君可欣擼了擼自己袖子,雙手叉腰,下巴高抬,眼神帶著鄙夷的看著眼前這群囂張的江湖人,完全不把他們放在眼中的架勢。
“臭娘們,還敢看不起我們,讓你把房間讓出來就讓出來,別敬酒不吃吃罰酒,今日老子就代那個小白臉教訓教訓你。”男子說著也拉開架勢準備開打。
掌柜的躲在柜臺苦著臉,真是的,最近永城來了好多江湖人,客房都不夠用,這對帶著孩子的夫妻剛把房間定了,后面七八個男子跟著就進來了,還蠻橫的讓人家讓出房間,這是仗著人多想要欺負人家,沒想到這對帶著孩子的夫妻根本不懼,于是就形成現在這個畫面。
“周哲,住手!”剛要動手的男子被一個從外走進來的男子呵住,男子不服氣的對著君可欣哼了一聲,眼底陰霾不散,“算你走運。”

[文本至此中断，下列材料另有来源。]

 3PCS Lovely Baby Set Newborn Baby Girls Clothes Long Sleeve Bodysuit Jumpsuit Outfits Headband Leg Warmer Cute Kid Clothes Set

進來的男子三十來歲,也是一副江湖人打扮,不過整個人氣質稍有些不同,看上去更像是一個軍人,嚴謹,嚴肅。
君可欣江湖闖蕩多年,自然不怕眼前的幾人,對這個說自己相公小白臉的家伙肯定不會饒恕。
不等進來的男子說話,君可欣直接出手,內力無聲散開,以迅雷不及掩耳之勢打在男子胸口,不等他反應過來,躍身而起,直接踢向男子肩膀,男子順勢倒去,君可欣不會這么放過他,快速抽出腰間鞭子,甩出去,纏住男子的腰直接狠狠摔在地上。

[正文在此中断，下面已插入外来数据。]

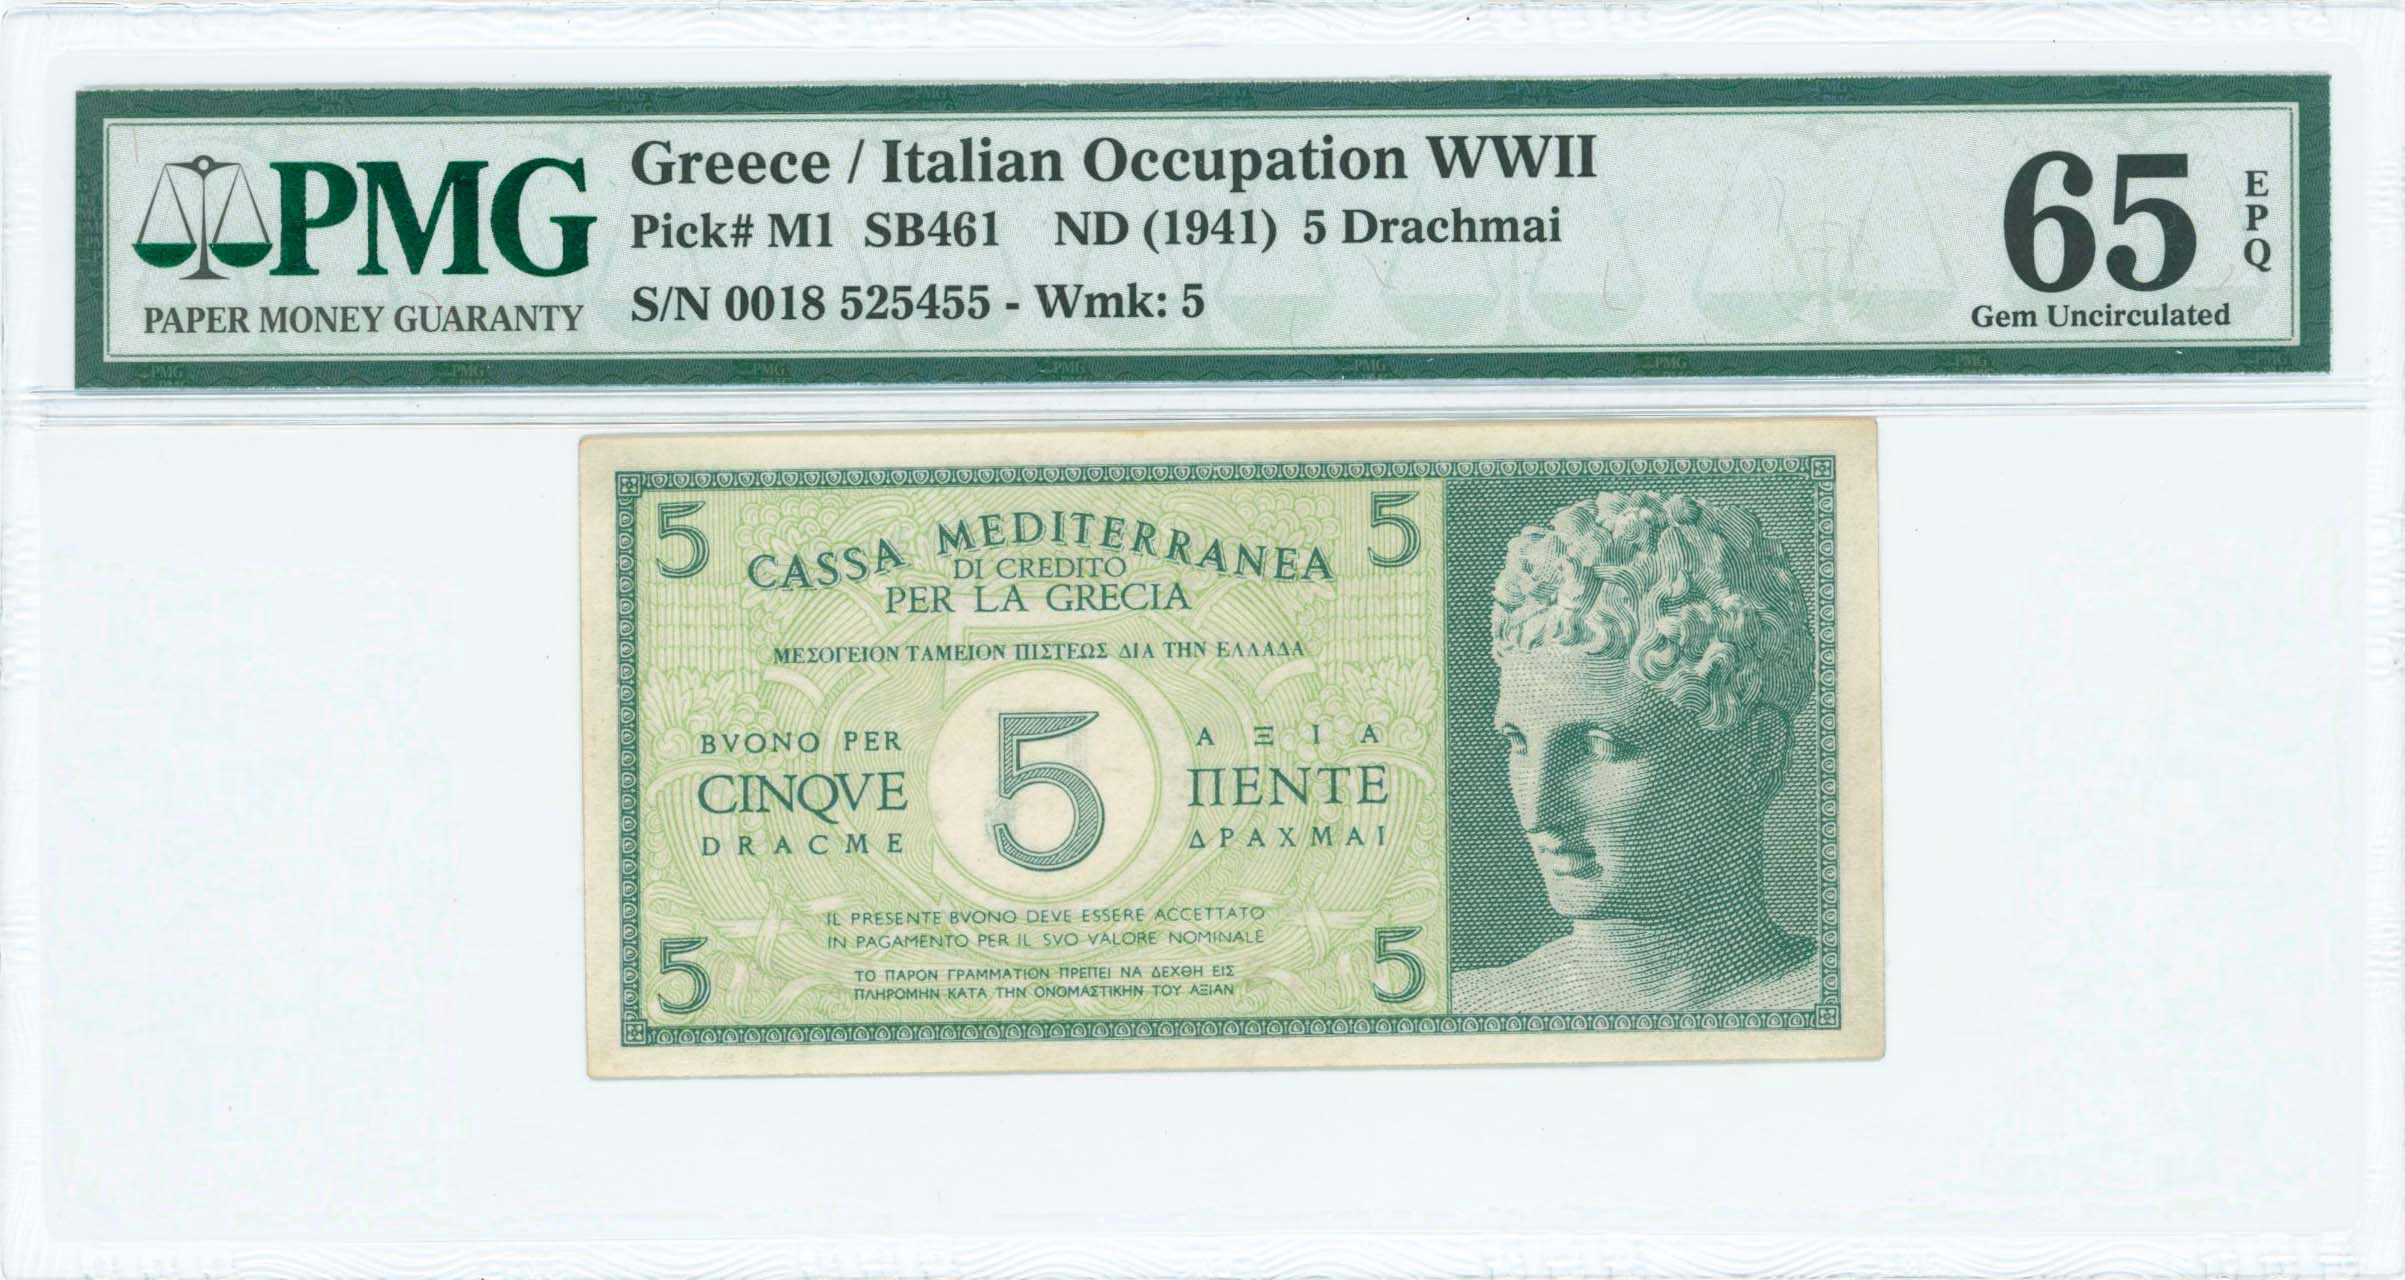 Lot 6733 - -  PAPER MONEY - BANKNOTES italian occupation -  A. Karamitsos Public & Live Internet Auction 671 (Part A)

被狠狠揍了一頓的男子氣焰萎靡下來,心中的火氣直往上冒,當著這么多人的面,自己被一個女人打成這樣,實在是欺人太甚。
“哼!還說什么替我男人教訓我,呵呵呵,這這也太不行了吧。”君可欣走近,抬腳踩在男子胸口,居高臨下,君歌一直站在柜臺不遠處,擋著懷中兒子的眼睛,面上含笑,看君可欣打的開心。
她是開心了,只是對方幾個人臉色漲紅,難看至極,就連后來進門喊住手的男子也是,這么多年被人捧著習慣了,現在一個江湖人就直接無視自己,太過分了。

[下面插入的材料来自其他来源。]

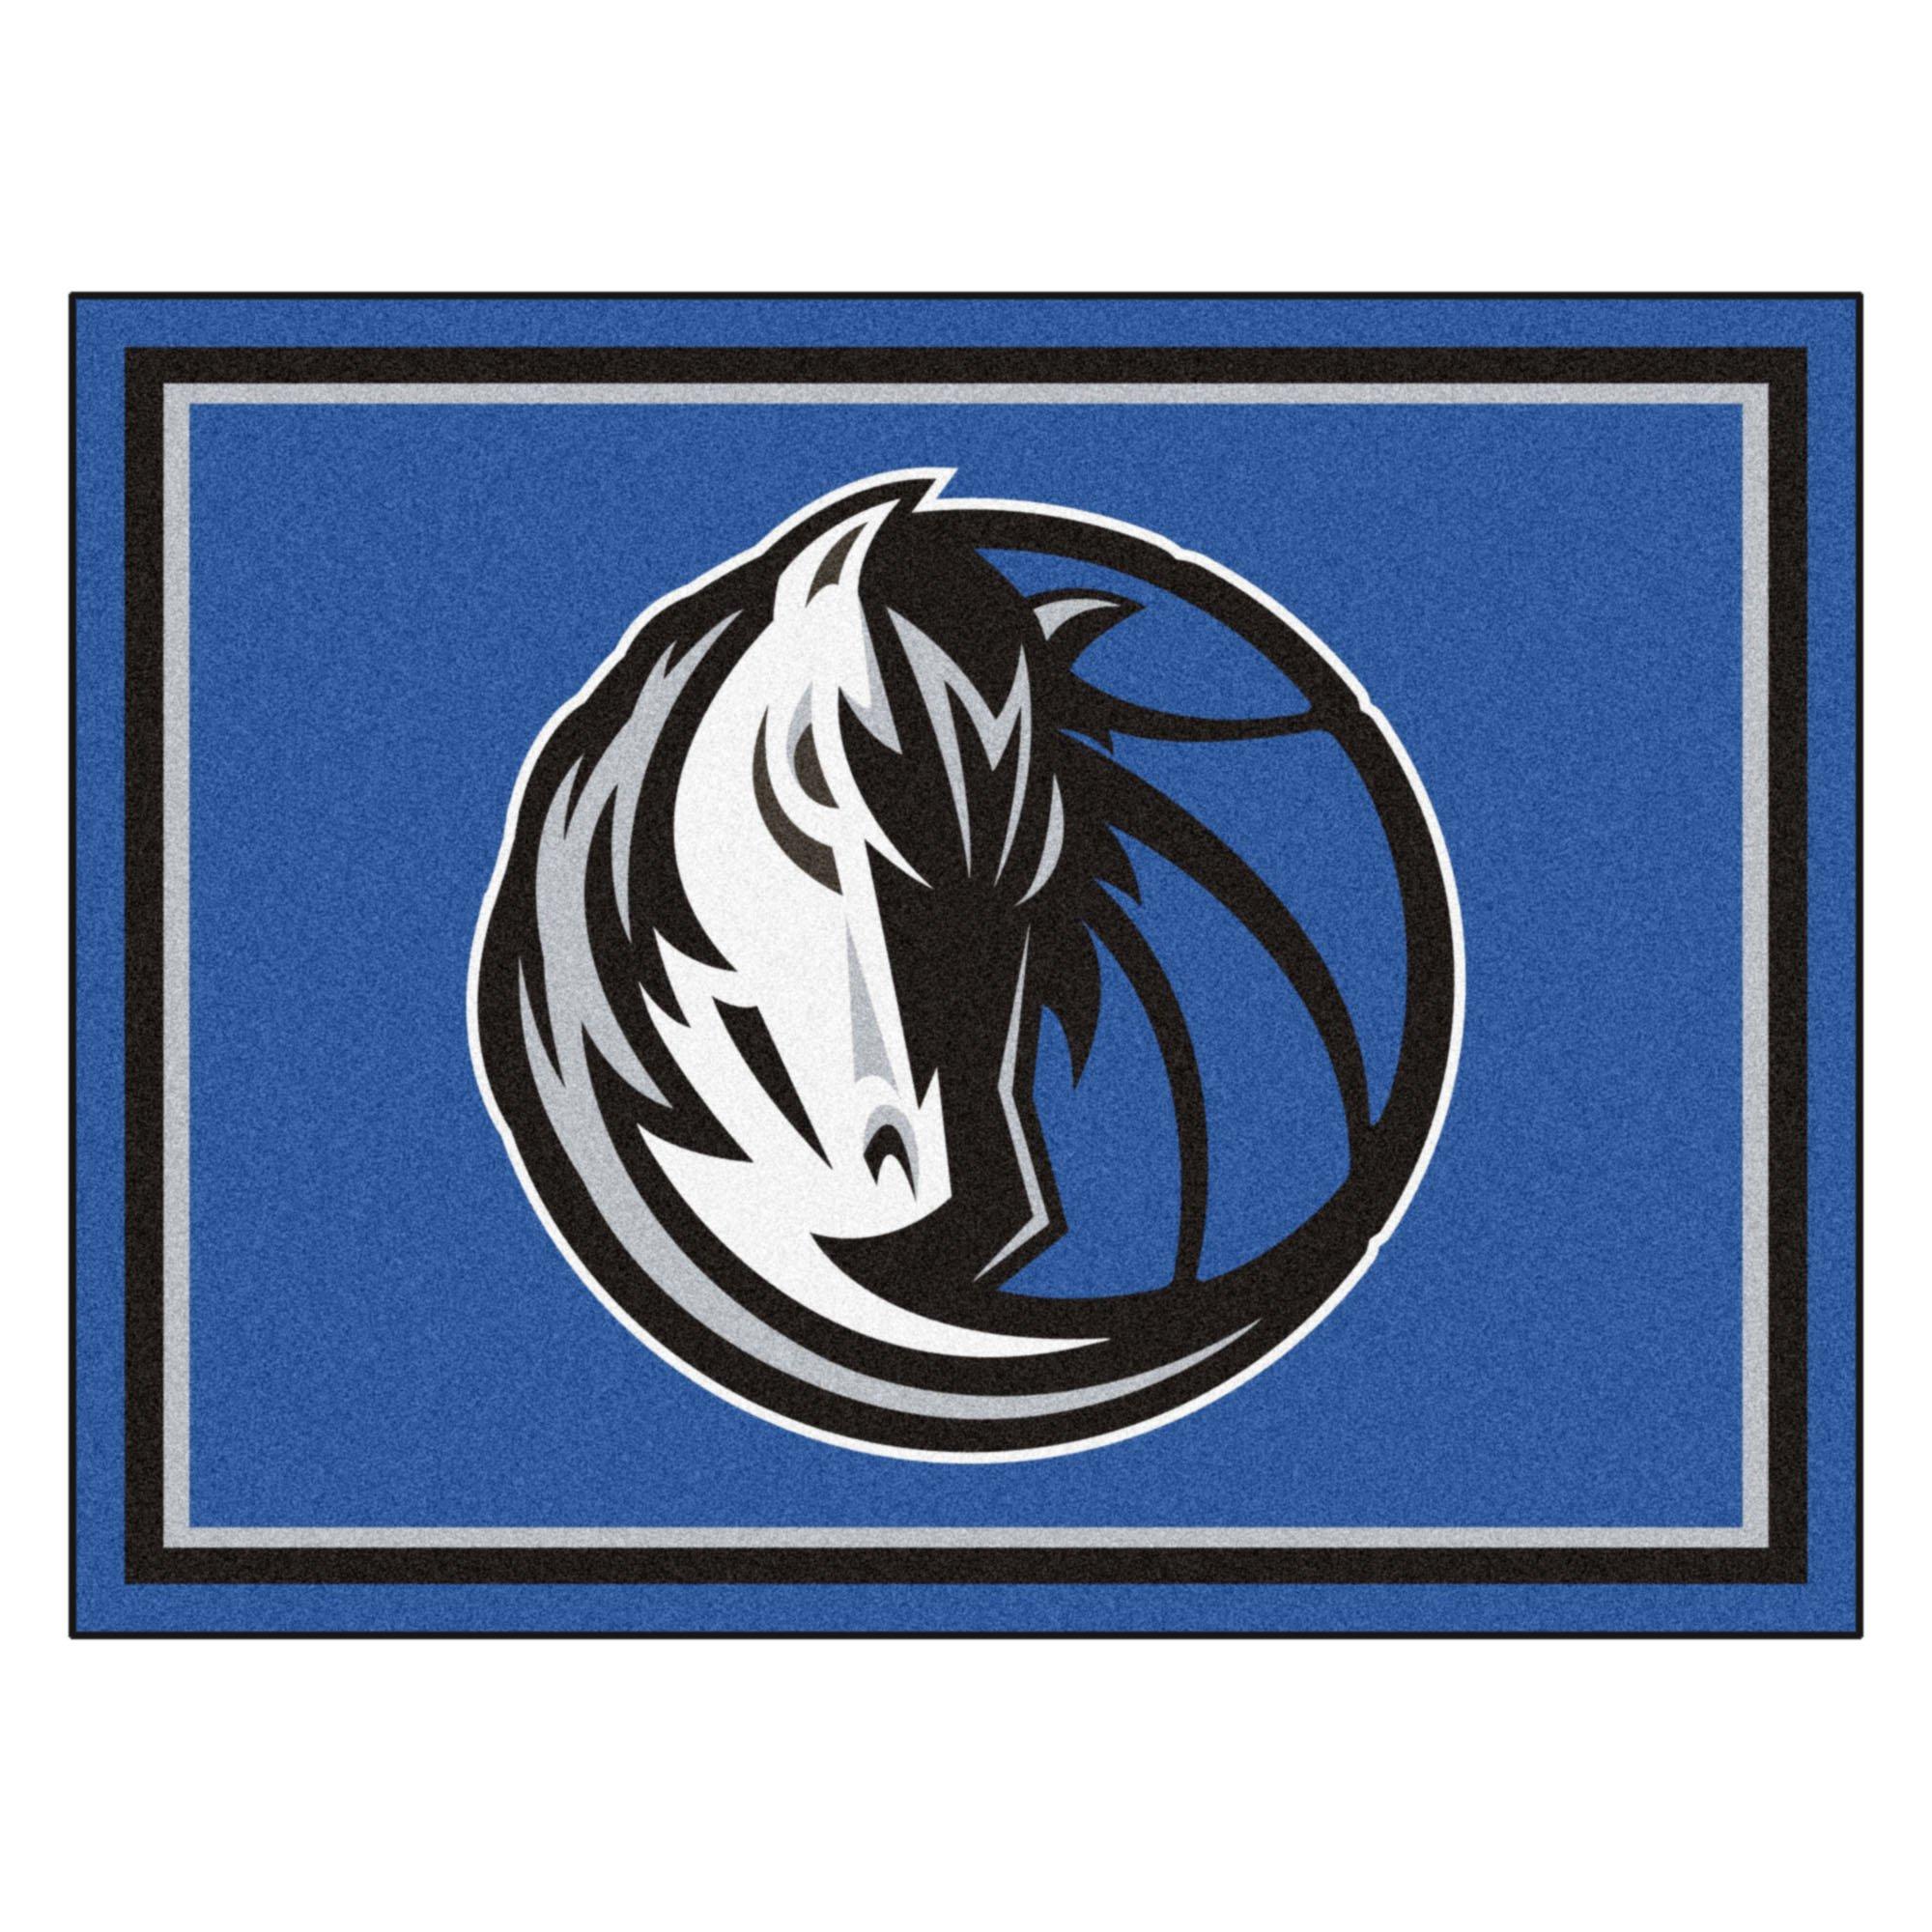 FANMATS 17448 NBA Dallas Mavericks Rug by Fanmats

只是他也看出眼前這對夫妻不好惹,壓下心中火焰,“這位夫人,還請您高抬貴手,這些手下人不知規矩,得罪了您,本……在下替他向您道歉,還請您不要計較了。”說著道歉的話,眼底的晦暗卻怎么也消不下去。
君可欣出了氣,教訓完地上男子,很大度的把腳從男子身上拿下,“這次就算了,若還有下次,本姑奶奶可就不會這么好說話了,記住了嗎?”
“是是,多謝這位夫人。”男子拱手抱拳,忍著憋屈,笑臉回應,接著看向地上的男子,“還不快走,丟人現眼!”
地上男子垂眸,擦干嘴角的血跡,“是。”垂下的眸中漫過殺意。
君歌在不遠處看著輕笑,男子身上那么明顯的殺意他自然能感受得到,不過沒在意,以他和君可欣的武功,在這江湖上除非得罪什么隱士高手,否則還真沒有幾個怕的,而且郭菲菲從彌生那拿到的秘籍也給了他一份,再不濟,逃走還是沒問題的。
“掌柜的,帶我們去房間吧。”君可欣敲了敲柜臺,提醒還在瞪著不可思議的大眼看著兩人的掌柜。
“啊?哦哦,女俠請跟小老兒上樓。”掌柜的咽了下唾沫趕忙走出柜臺前面領路。
看著那一家三口跟著掌柜上樓,走遠,幾人轉身出門,最后進來的那個男子臉色沉下,眼神狠厲,“跟你們說過多少次了,不準生事,若是主子的事情辦砸了,看本將如何懲治你們。”
周哲嘴唇動了動,什么也沒說,心里郁氣難以消散。知道將軍說的是對的,心里咽不下這口氣。
“知道他們住在哪個房間嗎?”領頭人又問。
周哲猛的抬頭,“將軍!您,您是想……”
“光明正大打不過,咱們可以用別的法子,難道他們還能百毒不侵不成。”陰測測的語氣,嘴角帶著詭異的笑,比之他的手下更加狠毒。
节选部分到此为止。